Files
gh-tordks-claude-workflow-p…/skills/claude-workflow/references/plan-spec.md
2025-11-30 09:02:26 +08:00

322 lines
9.4 KiB
Markdown

# Plan Document Specification
Specification for creating conformant plan documents in the CWF workflow.
---
## What is a Plan Document?
Plan documents capture **architectural context and design rationale**. They preserve WHY decisions were made and WHAT the solution is, enabling implementation across sessions after context has been cleared.

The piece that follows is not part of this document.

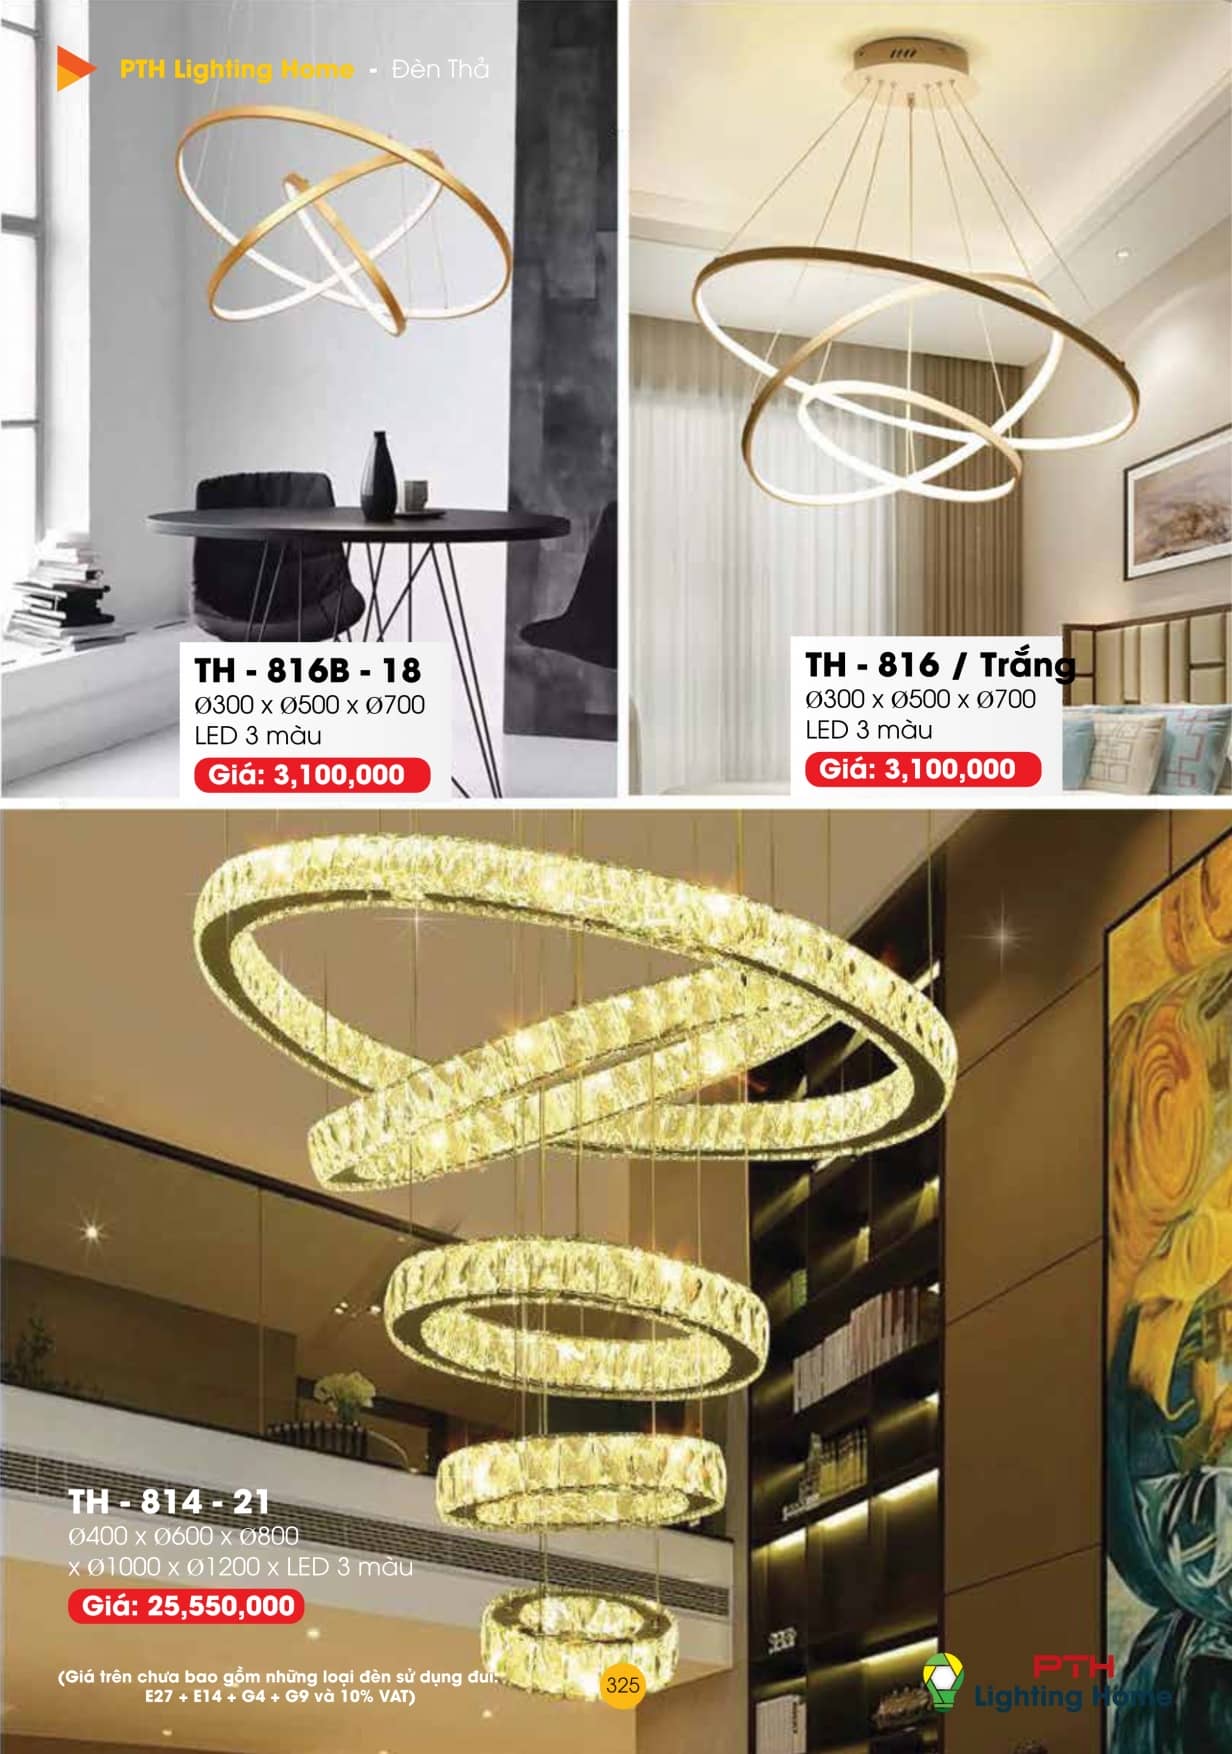 catalogue-bang-gia-den-led-trang-tri-pth-lighting-home-327

**Plan = WHY/WHAT** | Tasklist = WHEN/HOW
---
## Conformance
The key words "MUST", "MUST NOT", "REQUIRED", "SHALL", "SHALL NOT", "SHOULD", "SHOULD NOT", "RECOMMENDED", "MAY", and "OPTIONAL" in this document are to be interpreted as described in RFC 2119.
> **Note:** See `SKILL.md` for conformance levels (1-3) tailoring documentation depth.
---
## Core Plan Sections
Plan documents MUST include three core sections: Overview, Solution Design, and Implementation Strategy.
### Section 1: Overview
Provides high-level summary of problem and solution.
**MUST include:**
- Problem statement (current pain point or gap)
- Feature purpose (solution being built)
- Scope (What is IN/OUT of scope)
**SHOULD include:**
- Success criteria (quantifiable completion validation)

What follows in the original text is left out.